Best Chocolate Cupcakes Recipe
These are the best chocolate cupcakes ever: moist, fluffy bites of chocolate goodness that are incredibly easy to make. These from scratch chocolate cupcakes come out of the oven in under 30 minutes and are topped with an easy, fluffy Italian meringue.
Prep Time10 minutes mins
Cook Time20 minutes mins
Total Time30 minutes mins
Servings: 18 cupcakes
Calories: 120kcal
Author: Eden Westbrook
Chocolate Cupcakes
- 1 cup all purpose flour
- 1 cup granulated sugar
- ⅓ cup natural cocoa powder
- ½ teaspoon ground cinnamon
- 1 teaspoon baking soda
- ½ teaspoon salt
- 1 large egg
- ½ cup buttermilk
- ½ cup vegetable oil
- 1 teaspoon vanilla
- 1 teaspoon instant coffee
- ½ cup hot water not boiling
- Sprinkles optional
Italian Meringue
- ½ cup water
- 1 cup granulated sugar
- 4 egg whites
- ½ teaspoon cream of tartar
Preheat oven to 300 degrees F and prepare a cupcake pan with liners.
Add the dry ingredients to a large bowl and whisk together. Set aside.
Whisk the egg, buttermilk, oil, vanilla and instant coffee in another medium sized bowl. Then add the wet ingredients to the dry ingredients and mix with a spatula until well combined. Add the hot water to the batter and mix until completely combined.

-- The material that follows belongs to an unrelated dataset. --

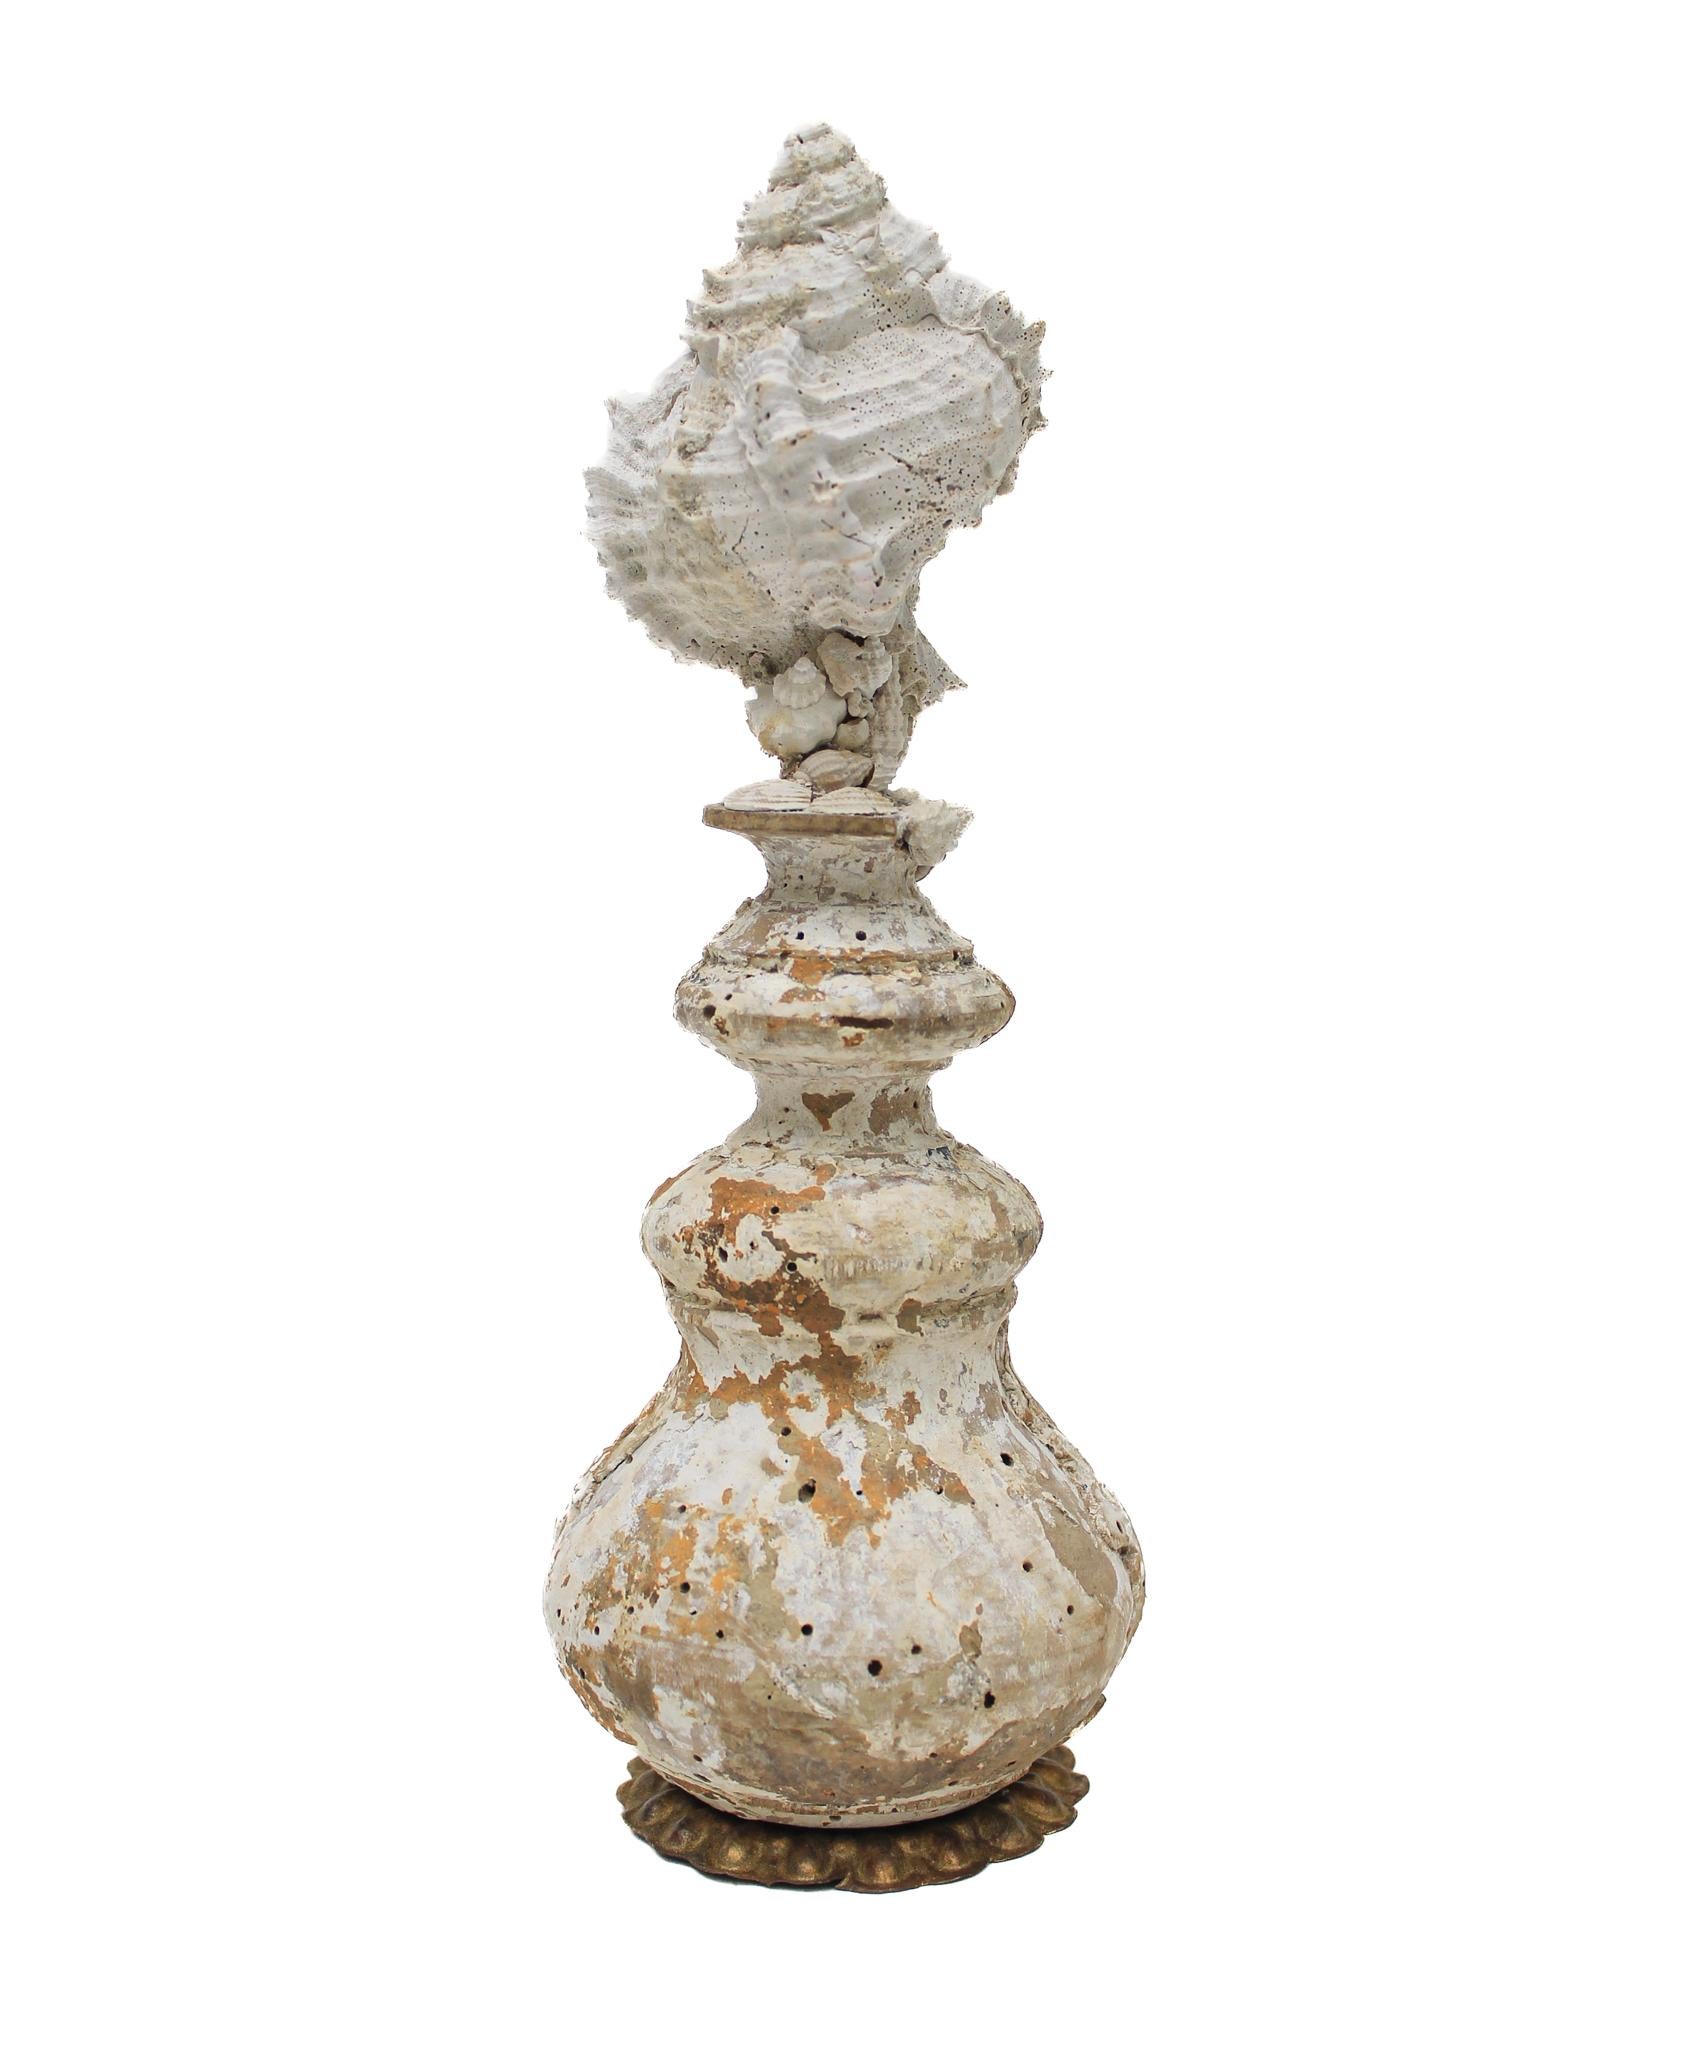 17th Century Italian Vase with a Hystrivasum Shell on an Antique Metal Stand 2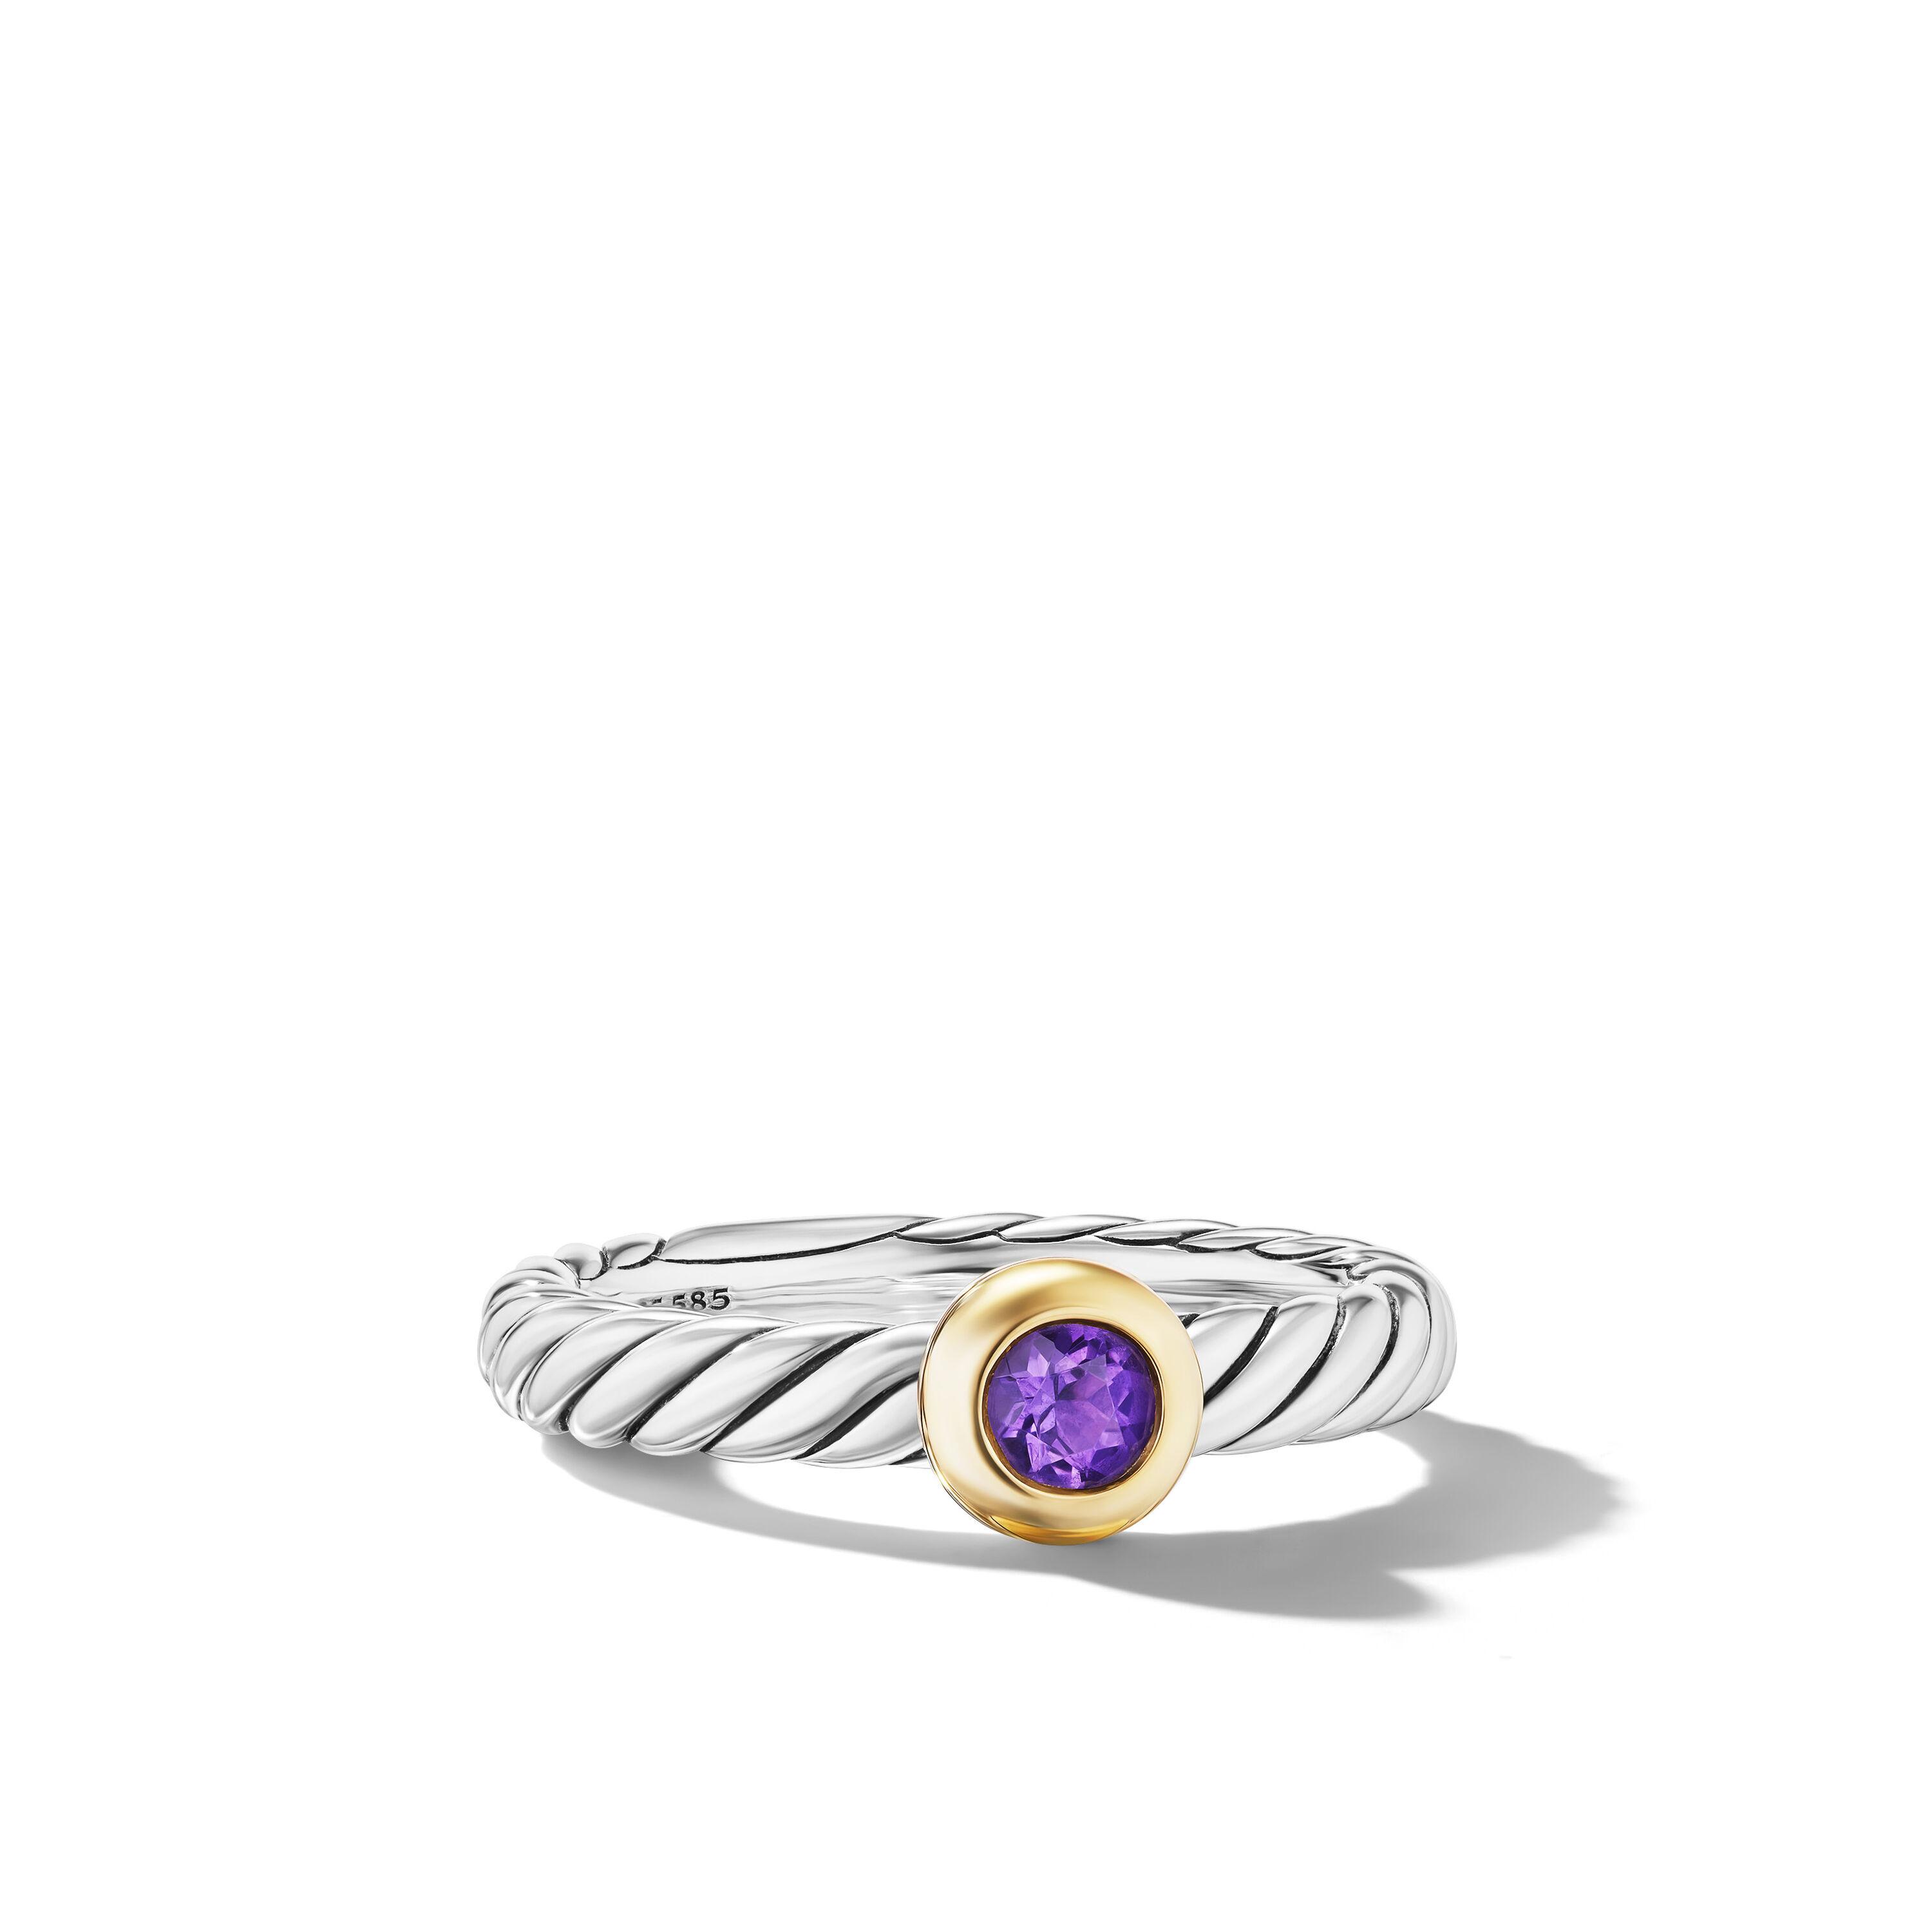 David Yurman Petite Cable Ring in Sterling Silver with 14K Yellow Gold and Amethyst, Size 6

Batter will be very thin and watery looking.
Fill the cupcake liners about half way and bake for 20-23 minutes, or until a toothpick comes out with only a few moist crumbs.
Remove the cupcakes from oven and allow to cool for 5 minutes, then remove to a wire rack to finish cooling off.
FOR ITALIAN MERINGUE
Put sugar and water in a small saucepan and heat over high heat, brushing down the melted sugar on the sides of the pot as necessary with a pastry brush dipped in water. Cook until sugar syrup is 240 degrees F on an instant read or candy thermometer.
While sugar is melting and heating up, combine egg whites and cream of tartar in the bowl of a stand mixer fitted with a whisk attachment. Set mixer to medium and mix until fluffy and soft peaks form, about 2 minutes.
When the sugar mixture is at 240 degrees F, with the mixer running on high speed, slowly (and VERY carefully! Melted sugar is HOT!) drizzle in hot sugar syrup and whip until the egg whites create stiff peaks.
Pipe meringue onto completely cooled cupcakes and add sprinkles, if using.
Keep in an air tight container in the fridge for 4 days.